The defendant contends that two of the verdict forms prepared by the trial court unlawfully charged the jury that they had to be convinced of the defendant's innocence beyond a reasonable doubt on one charge before he could be acquitted on the other charge.

The court's oral charge must be considered as a whole in determining whether error was committed in giving a particular excerpt therefrom. Gosa v. State, 273 Ala. 346, 139 So. 2d 321 (1962); Ex parte Cowart, 201 Ala. 525, 78 So. 879 (1918); McCovery v. State, 365 So. 2d 358 (Ala.Cr.App.1978). No part of the charge is to be tested in isolation. Brooks v. State, 353 So. 2d 1 (Ala.Cr.App.1977).

"The language of a charge must be given a reasonable construction, and not a strained and unreasonable one ..." 23A C.J.S. Criminal Law, Section 1319 (1961).
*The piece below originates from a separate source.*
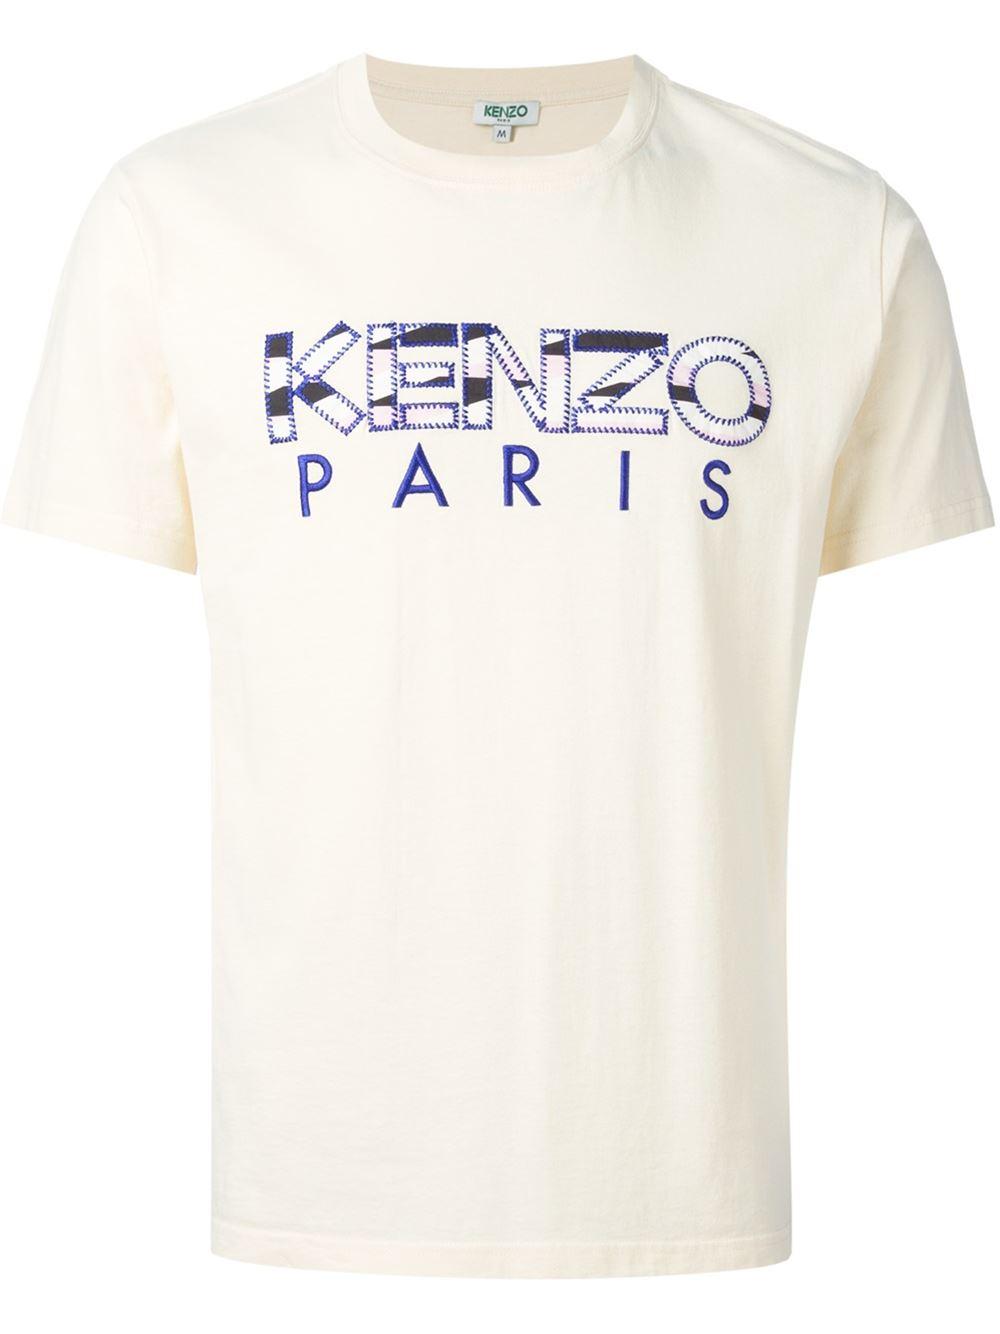 c459c6b1a313 Lyst - KENZO   Paris  T-Shirt in Yellow for Men

The test of severe grammatical criticism is not the proper rule of construction to apply to the general charge of the court in a criminal prosecution.

"Hypercriticism should not be indulged in in construing charges of the court (S. & N. R. R. Co. v. Jones, 56 Ala. 507; McGuire v. State, 2 Ala.App. 218, 223, 57 So. 57); nor fanciful theories based on the vagaries of the imagination advanced in the construction of the court's charge, which is usuallyas it is here, and as it should beexpressed in plain language that is susceptible of the ordinary understanding." Addington v. State, 16 Ala. App. 10, 19, 74 So. 846 (1916).
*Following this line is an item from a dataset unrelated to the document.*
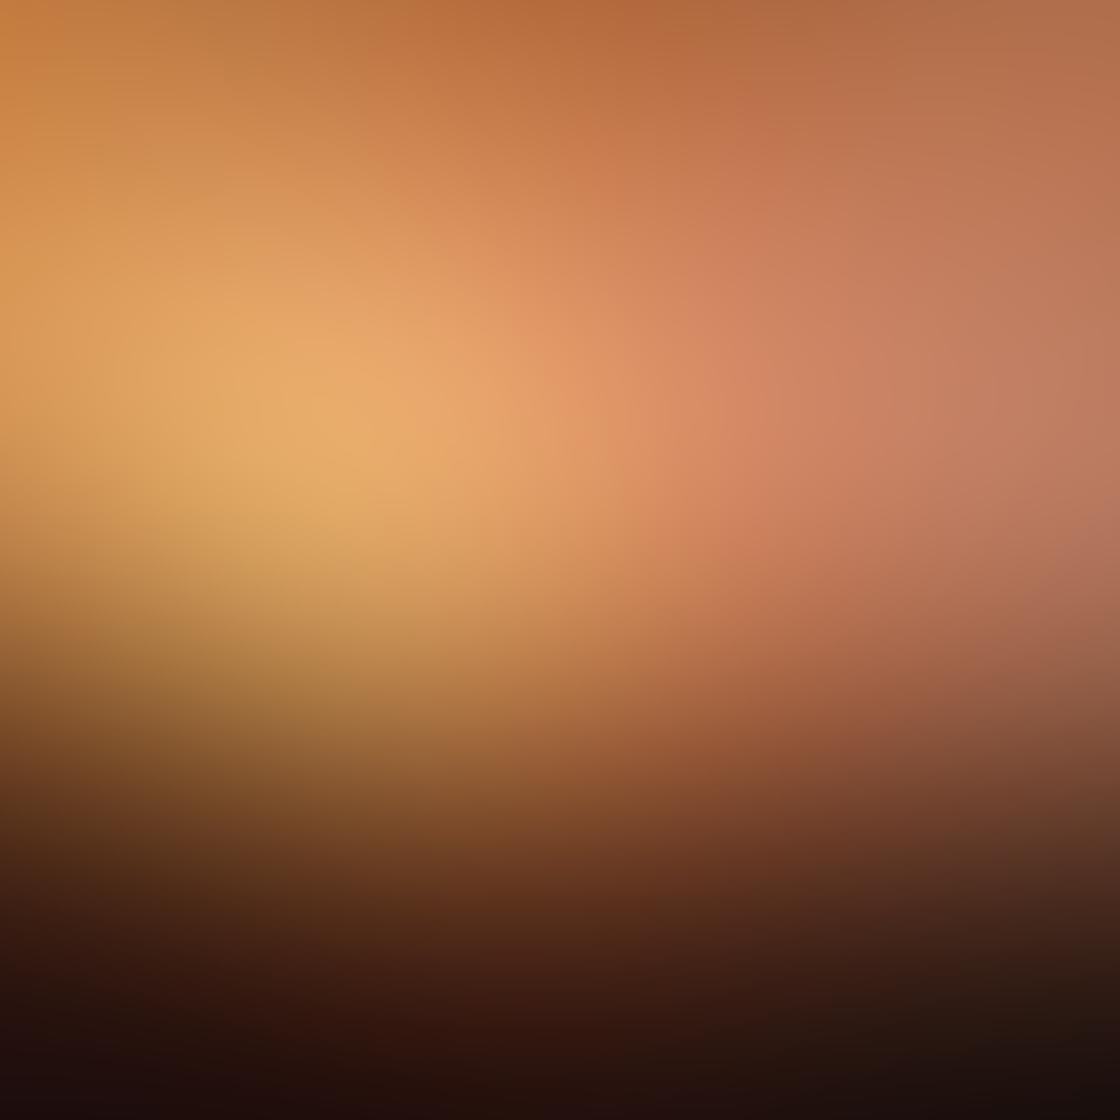 iPhone Angle Photo 25

Applying these rules of construction to the judge's charge in the present case, we find that it is not subject to the defect assigned by the defendant. Moreover, we note that after defense counsel objected, the trial judge gave further instruction on the matters found objectionable. While the defendant now alleges that these additional remarks only compounded the alleged error and failed to correctly state the law, at trial no objection was made to this effect nor was there any objection to the additional instructions. Under these circumstances, the defendant cannot now complain.

We have searched the record for error prejudicial to the defendant. Our review convinces us that the judgment of the Circuit Court is due to be affirmed.


All Judges concur.


[1] "(T)he degree of startlingness of the occurrence, how much time passed after the occurrence but before the statement was made, the effect of intervening events, the nearness of the place where the statement was made to the place of the occurrence, the condition of the declarant, the content of the statement itself, and all other factors relating to whether the declarant was under the stress of a nervous excitement at the time he made the statement." McElroy at Section 265.01(2).